Meagre pensions

In 1661, memories of the Civil War were fresh, and the use of troops to enforce unpopular policies had been greatly resented. While the Royal Navy was regarded as crucial for the protection of British trade - and even this did not save it from peacetime reductions - the army was tolerated only when there was a war in which British interests were clearly involved.
'... the army that had helped beat Napoleon was reduced following allied victory at Waterloo in 1815.'
It was sharply reduced when the war was over, with its soldiers discharged, sometimes reduced to begging for a living or living on a meagre pension. Even the officers were sent home on a half-pay that was often pitifully inadequate. Sergeant Thomas Jackson of the Coldstream Guards was invalided out of the army after losing a leg at Bergen-op-Zoom in Holland in 1814. He appeared before the commissioners of the Royal Hospital at Chelsea, who:
'... eyed me up and down and seemed to consult for a moment, and then one of them said. "Oh, he is a young man, able to get his living". No questions asked of me, but at sight I was knocked off with the pitiful reward of a shilling a day - a mighty poor recompense, I thought, for having spent twelve years of the prime of my manhood in the service of my country ...

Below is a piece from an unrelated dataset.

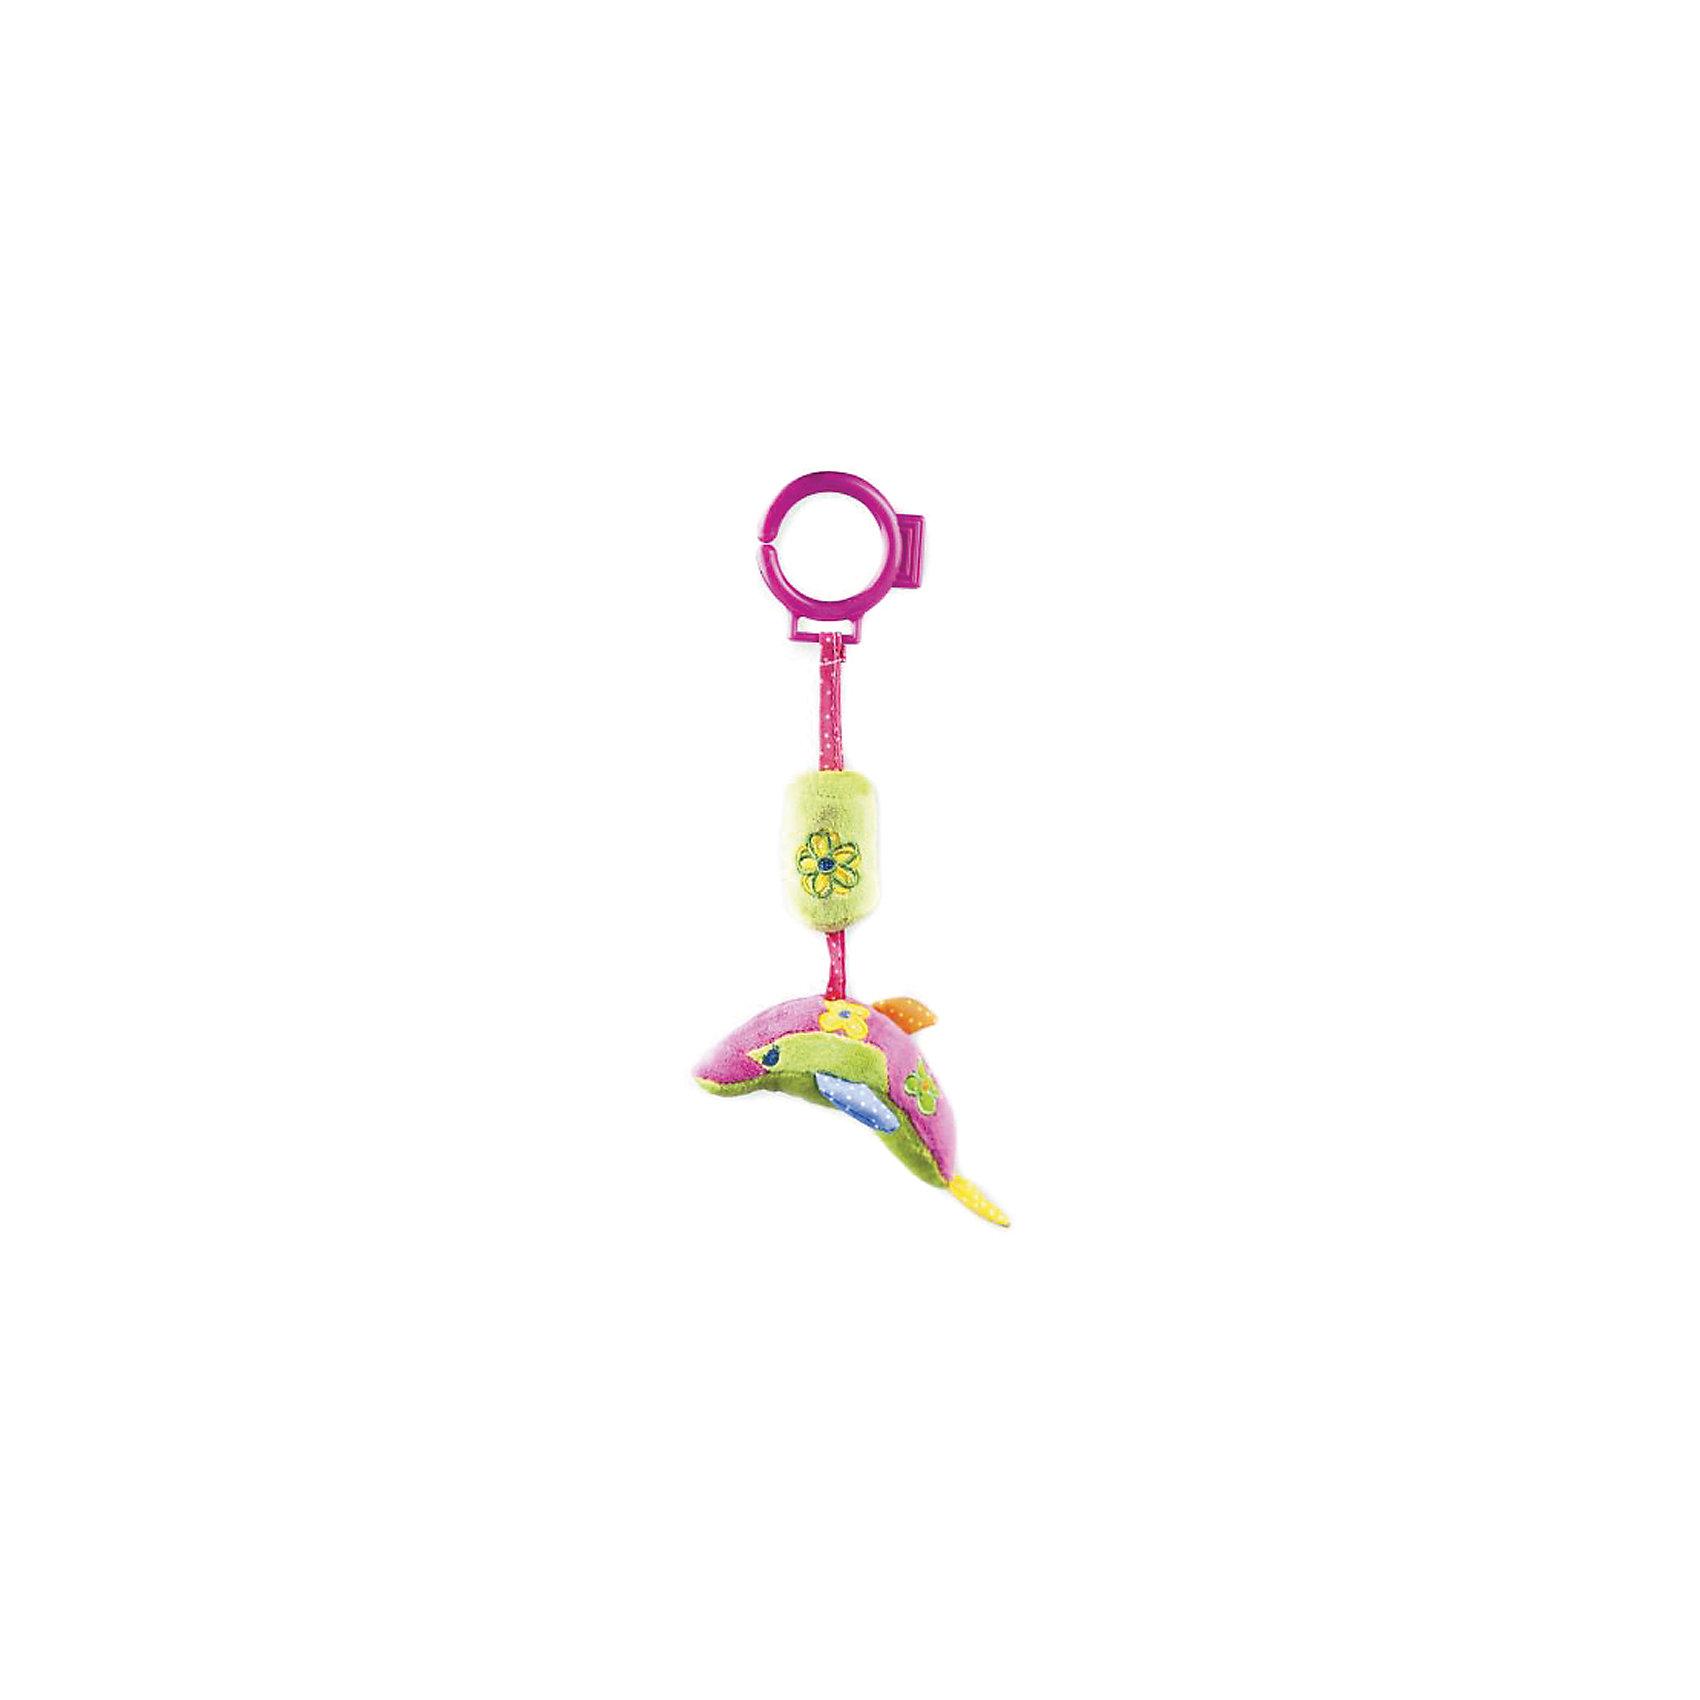 Развивающая игрушка Дельфин, ЖирафикиРазвивающие игрушки<br>Развивающие игрушки должны быть у каждого малыша. Такие игрушки будут не только развивать способности малыша во время веселой игры, но и радовать глаз, потому что современные развивающие модели красивые и обладают стильным дизайном. Новая игрушка «дельфин» - мягкая игрушка, которая издает звуки, если ее потрясти, как обыкновенную погремушку. Развивает слух и улучшает мелкую моторику малыша. Материалы, использованные при изготовлении товара, абсолютно безопасны и отвечают всем международным требованиям по качеству.<br><br>Дополнительные характеристики:<br><br>материал: текстиль;<br>цвет: разноцветный;<br>габариты: 16 X 5 X 30 см.<br><br>Развивающую игрушку Дельфин от компании Жирафики можно приобрести в нашем магазине.<br><br>Ширина мм: 560<br>Глубина мм: 320<br>Высота мм: 315<br>Вес г: 89<br>Возраст от месяцев: 3<br>Возраст до месяцев: 36<br>Пол: Унисекс<br>Возраст: Детский<br>SKU: 5032557
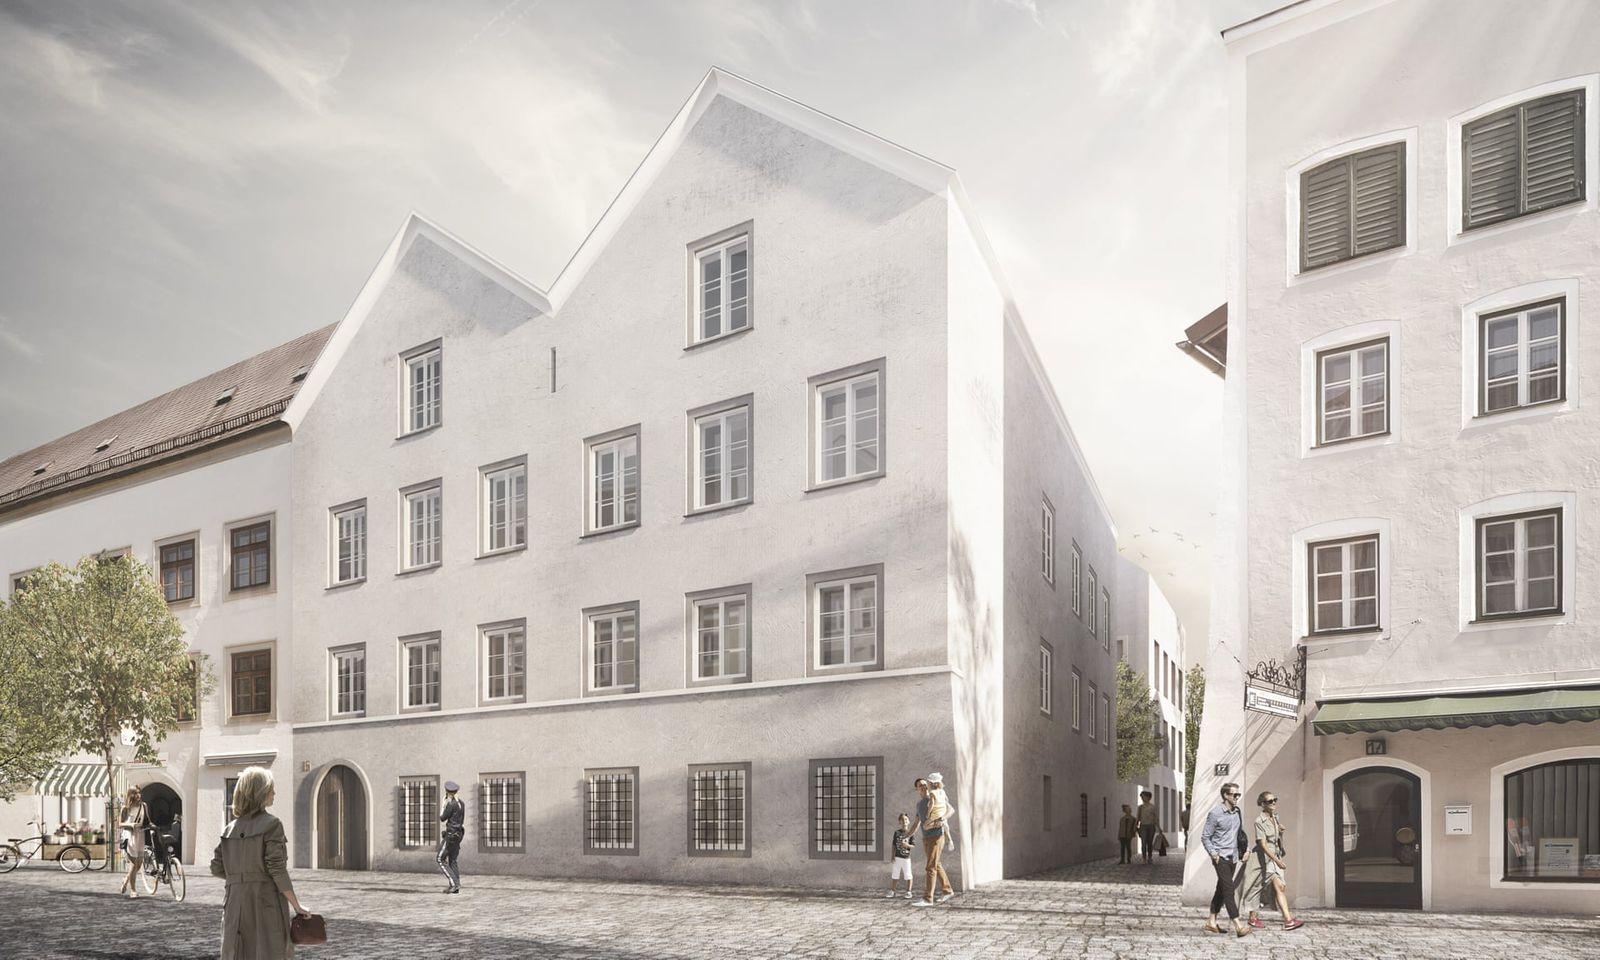 Австри улс Нацистуудын удирдагчийн төрсөн байшинг цагдаагийн байр болгох зураг төслөө танилцууллаа

'Having then no more use for my scarlet coat, I set my wife to cut off the lace [round the button holes], and that, together with the chain and tassels which ornamented my cap, she sold for thirty shillings. I then bought myself a suit of plain clothes to hobble my way home with into a new sphere of life among new beings, and, as it were, into a new world again.'
The Rambling Soldier, Roy Palmer (Sutton, 1985)
This pattern marked the 18th century, with its wars against France, described by Sergeant Roger Lamb of the 23rd Foot, who served in the American War of Independence, as ‘for many ages the professed and natural enemy of Britain’. It continued into the 19th, when the army that had helped beat Napoleon was reduced following allied victory at Waterloo in 1815.
Much the same thing occurred in the 20th century, with a small peacetime army expanded to meet the demands of two world wars and reduced in their aftermath.